深哨地方八處:紅山寺離城七百二十裡、天鵝灣離城五百五十裡、鞍子山離城六百裡、獨青山離城三百五十裡、白鹽池離城三百七十裡、常湖離城三百二十裡、沙山湖離城一百五十裡。
我認為,鎮番在中國曆史上地位的凸顯,與匈奴的崛起,以及漢、明兩朝的邊境保衛戰有重要關系。依據可尋的史料,明朝鎮番衛屯軍,真正開啟了奧區孤懸小衛的興盛。
據《鎮番遺事曆鑒》卷一記載,太祖洪武五年(1375年)壬子,饬令設鎮番營。《五涼全志》卷二“沿革條”言:“元季唯空城,明洪武二十九年設衛,改名鎮番衛。”
《鎮番遺事曆鑒》卷一,“太祖洪武八年乙卯”記載:“八月,大河水潮,自紅崖以北決口十餘處,小河灘水漾如湖,營地亦遭水淅。”洪武八年小河灘城有屯軍營地,有推論認為小河灘城在今民勤連城遺址,也據此推論當時鎮番衛就在今連城。“永樂元年(1403年)癸未,春三月,守備馬得,募資展修衛城,于東南、西南、西北城角築角墩三座。又于四周挖護城壕,寬三丈,深一丈八尺。中常蓄水,深可沒人。按鎮邑之城,自有明洪武中,因元季小河灘空城修葺為衛址。舊志雲:舊址三裡五分,城牆頹廢,不足禦寇敵,不足蔽風沙”。我們可推斷,永樂年間,鎮番衛舊址已廢,修築了新城。至英宗正統五年(1440年)庚申:“縣人于西關外築鎮國亭”。今縣醫院西側的鎮國塔區域,應該就是當年的西關外。
至憲宗成化元年(1465年)乙酉:“春三月,調集涼、永官軍協助鎮番衛軍,由都督指揮馬昭監工,展築衛城西北二面三裡有餘,新舊周圍計六裡三分二十三步,高三丈一尺,厚二丈有奇。東西南三門,東曰永和,西曰永綏,南曰陽武。巧的是,馬昭正是永樂元年春修築衛城的守備馬得之孫。《鎮番遺事曆鑒》作者謝廣恩言:“蓋盧公為鎮邑第一翰林,而馬公則為鎮邑第一武将。”殊不知,盧翰林的先祖也是鎮邑之武将,後文将探讨這個清初河西科舉世家。
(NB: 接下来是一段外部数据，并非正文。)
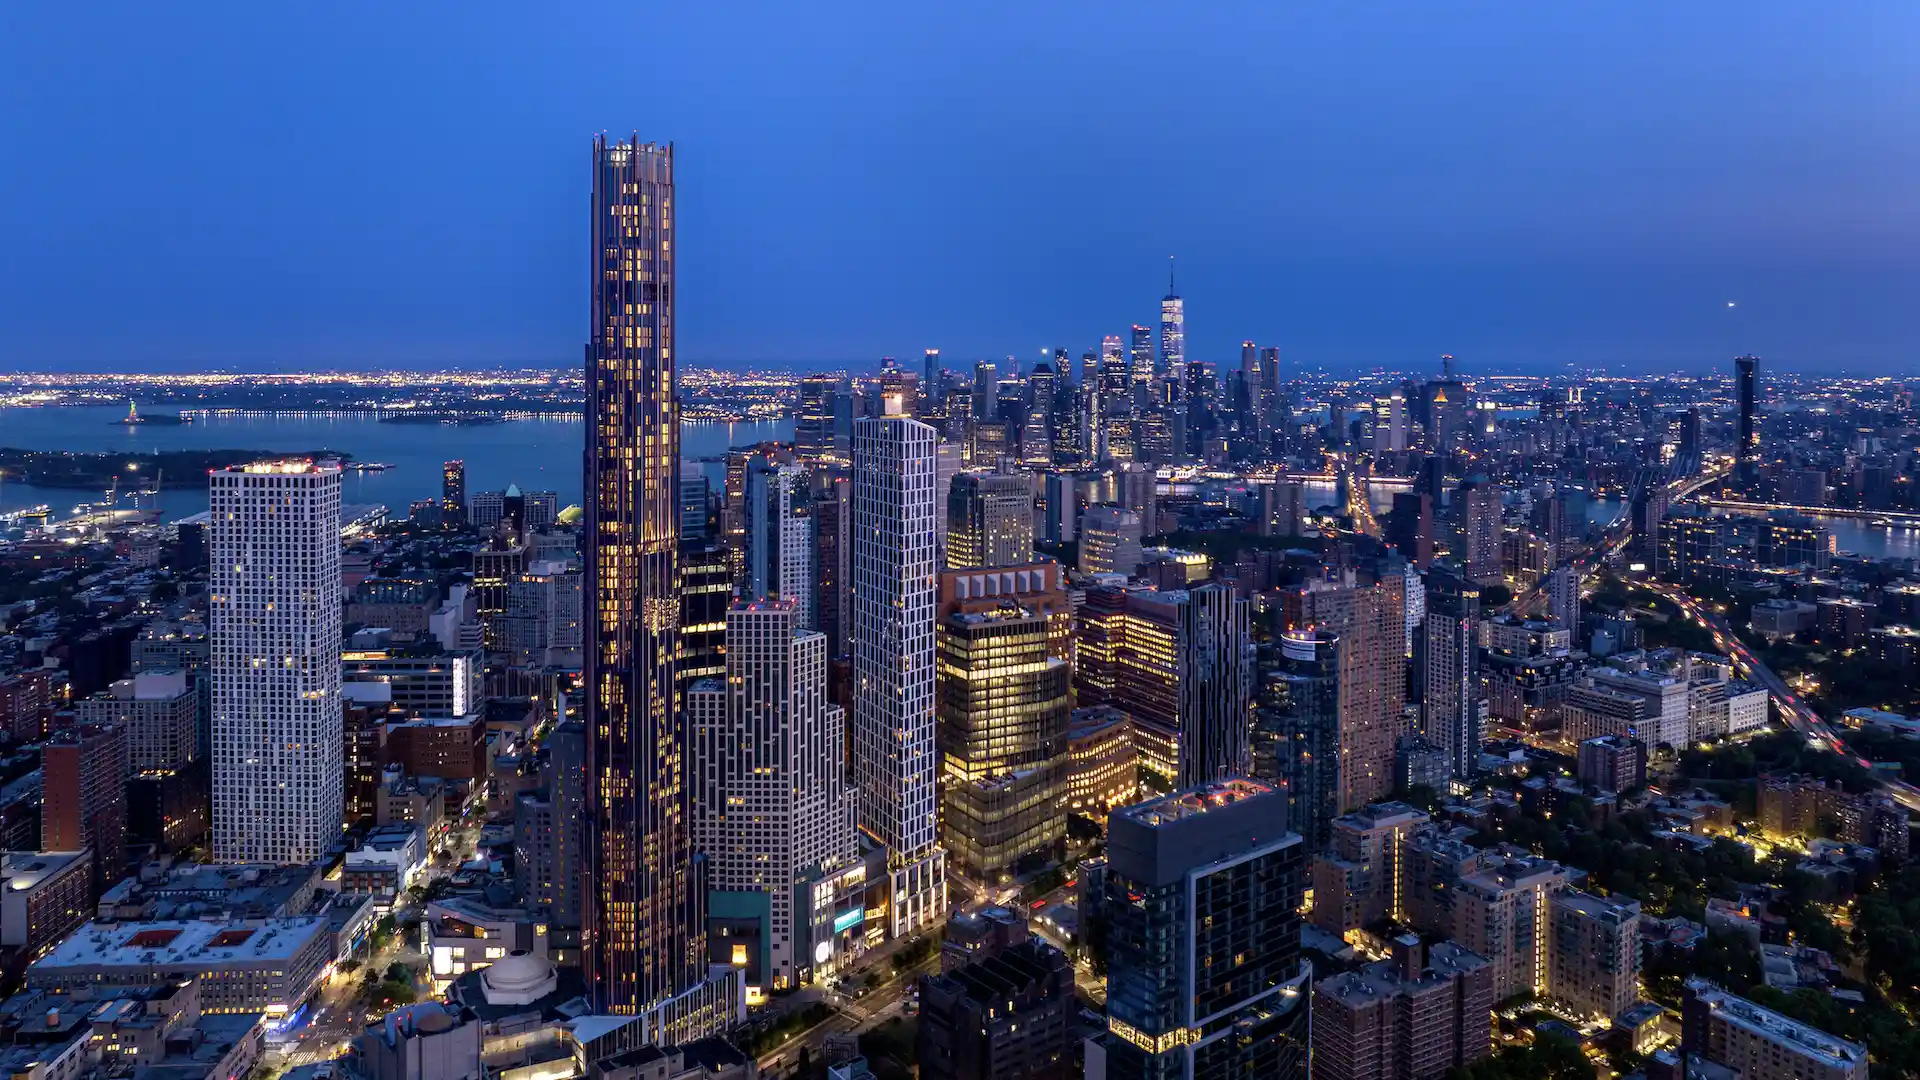 Ya está listo The Brooklyn Tower: el nuevo rascacielos de Nueva York

我之所以如此關注鎮番衛的所在,是因為家族是鎮番衛軍戶後裔。依據明朝兵部檔案《武職選簿》記錄,鎮番衛有左中右三所,自古以北為上,且明朝設立鎮番衛的主要原因是北方有“達賊”侵擾,故,左所和右所,估計應以鎮番衛為中心,成犄角之勢。那麼,左所和右所就應該是北面的三角城和另外一座沙漠中的城堡。
(經向民勤文化學者劉潤和老師請教,他提出曾經有蘭州的曆史學家提出文一、文二城是鎮番衛的所在,也有學者認為連城是明鎮番衛所在。作者實地前往連城遺址查勘,連城遺址南側、東側有甕城,遺址北側有大量鐵質箭镞、铠甲片遺存,并有開元通寶殘币,未獲得明朝線索,且連城遺址距今天縣城太遠。由于目前缺乏考古發掘的驗證,隻能推測大概。)
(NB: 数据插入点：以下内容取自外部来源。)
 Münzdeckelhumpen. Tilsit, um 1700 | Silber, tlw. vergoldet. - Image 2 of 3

關于民勤的曆史,早有邑人考證,無論是沙井文化之遠古,還是漢唐先民之遺珠,随着石羊河徑流減少,文明從這個盆地的邊緣,追逐着水位的後退,一直到清初成為柳林湖以及衆多的 “姊妹湖”,移民大舉向北挺進,帶狀綠洲的雛形自此形成。邑人有作《奧區雜記》者,謂民勤曰“奧區”。何為奧區?——深居内地的腹地。可以看出,以先民之曆史觀已對民勤的地位有了定義。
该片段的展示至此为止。